At very low acceptable contamination levels, the direct, curative effect of food sampling by itself can be an inefficient means of controlling product safety because the required sample sizes are uneconomically large, technically infeasible, or both. An exclusive focus on the direct, curative effect of sampling is misplaced, however. More broadly, food safety sampling also has an indirect, preventive effect. Sampling serves to assure that food safety control systems are performing as intended and as an enforcement tool to assure compliance with regulatory measures or private contract specifications. Food safety verification sampling creates economic incentives for food producing firms to develop, implement, and maintain effective control measures that limit the probability and degree of noncompliance with regulatory measures or private contract specifications.[18, 19] Even at low sampling levels, the economic incentives may be substantial as they are a function of both the probability of detecting noncompliance via the sampling levels and the consequences of noncompliance, given detection.
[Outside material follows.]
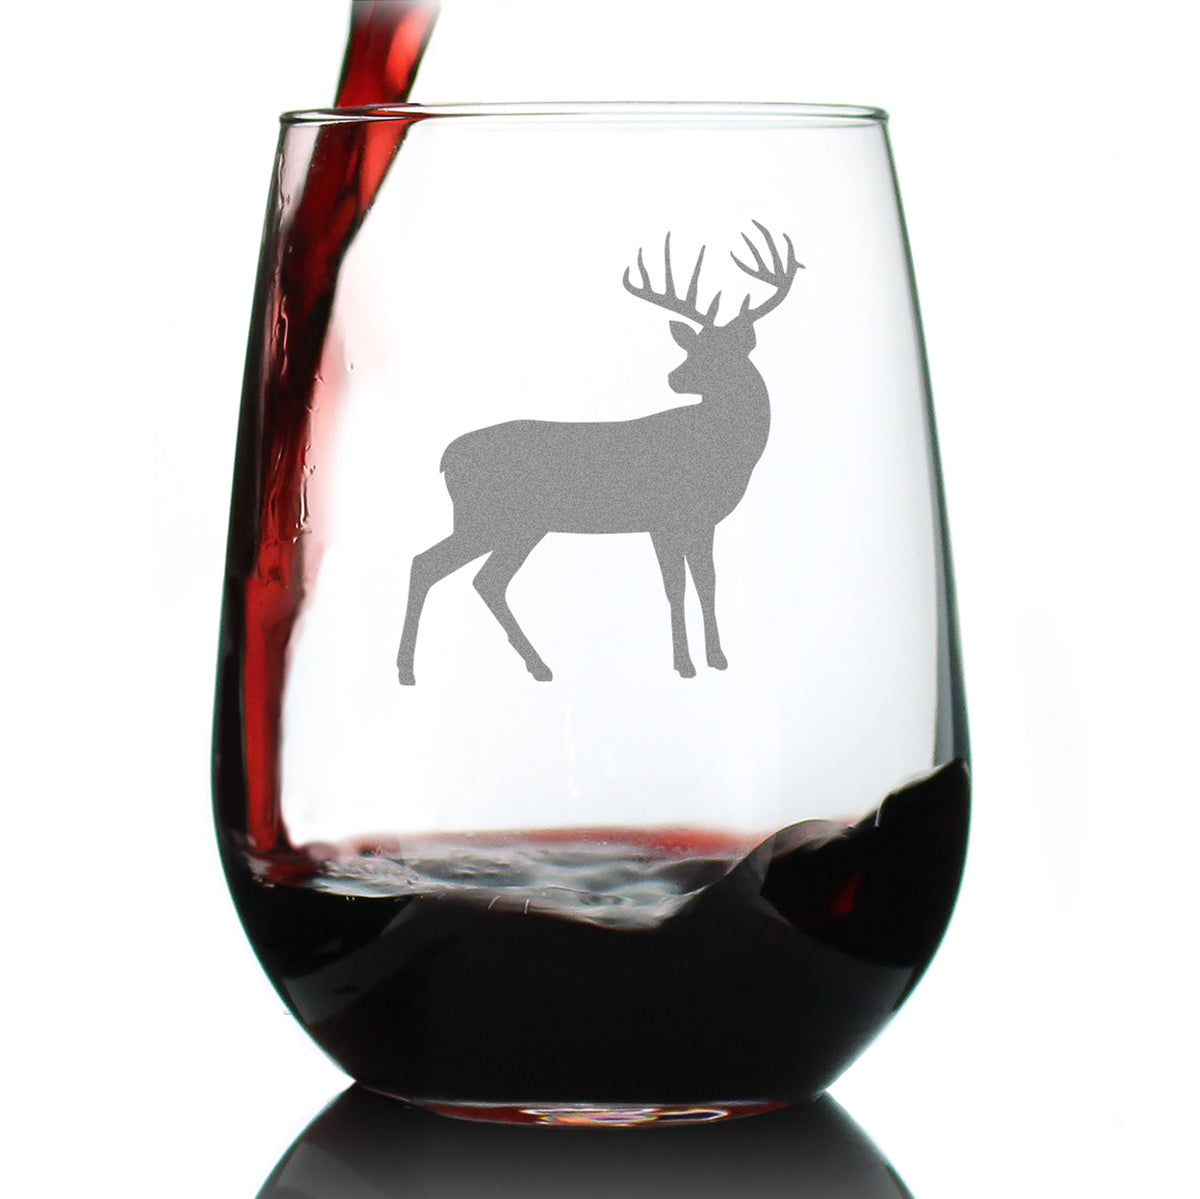 Deer Stemless Wine Glass - Cabin Themed Gifts or Rustic Decor for Women and Men - Engraved Silhouette - Large
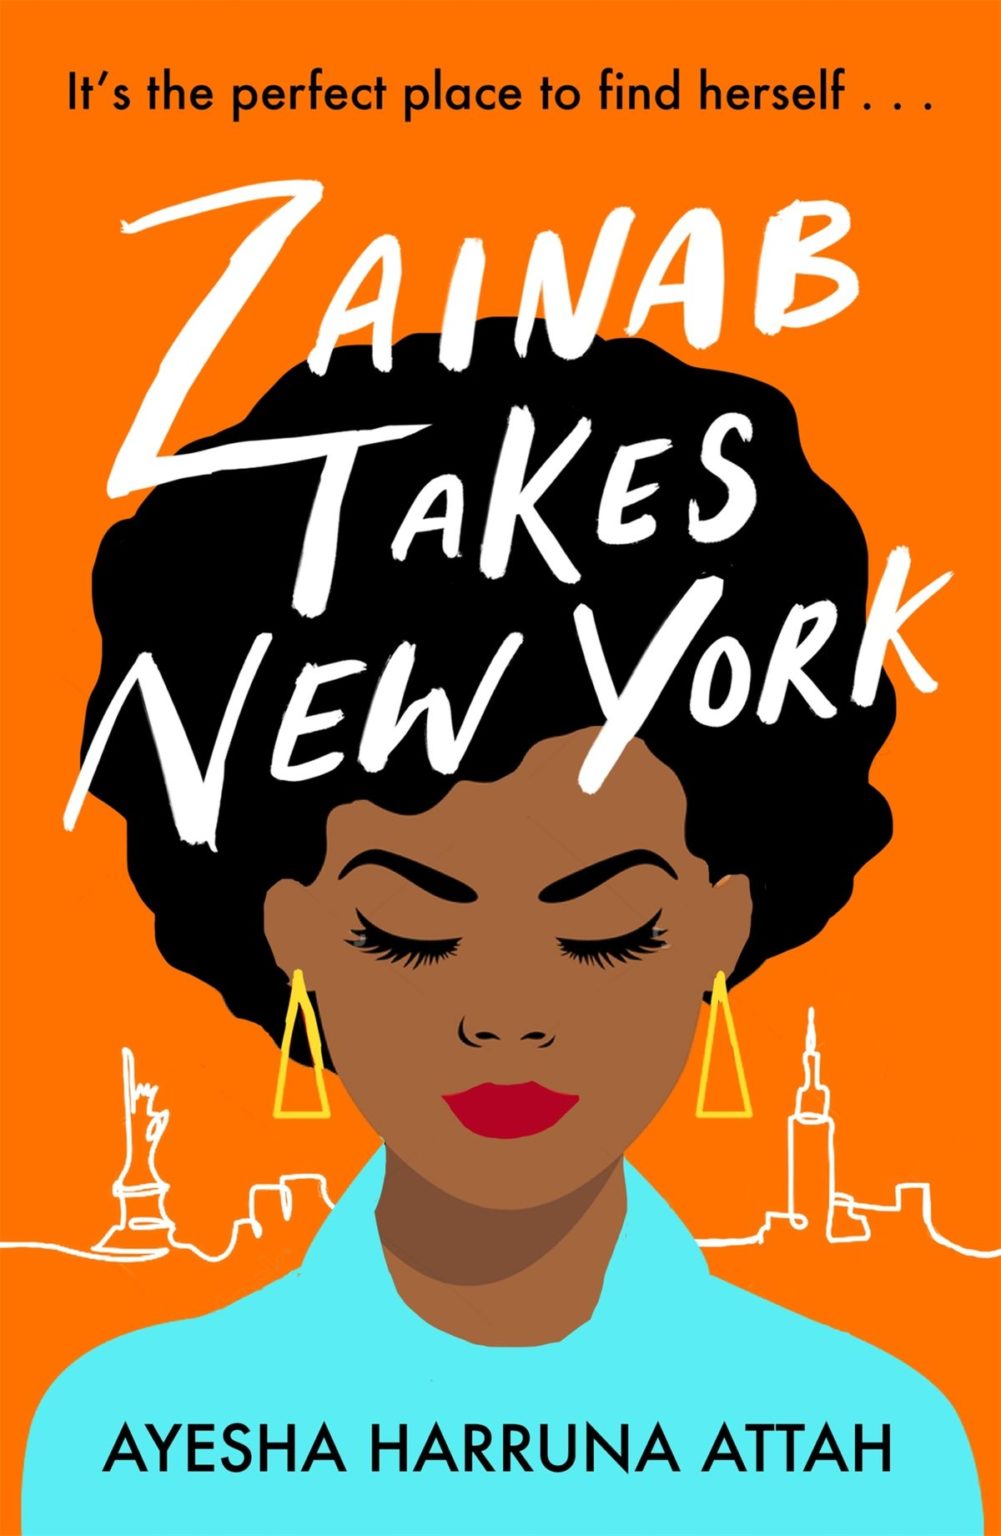 The 20 Best African Book Covers of 2021 (So Far)

Although the curative effects of a lot acceptance sampling program may be weak, any analysis of its food safety impact that ignores the effect of economic pressures exerted by sampling is incomplete. Food safety inspection problems seem to call for a game-theoretic treatment.[20, 21] However, the economic incentives can vary among firms, geographically, and over time and may be subject to legal constraints that vary by jurisdiction and to uncertain liability exposures. A major challenge would be to specify how the heterogeneous players behave and in choosing the rules they use to make decisions. Ultimately, a complete analysis may prove intractable. However, a partial and crude proxy for the economic pressures exerted by a sampling program is simply the number of nonconforming lots rejected.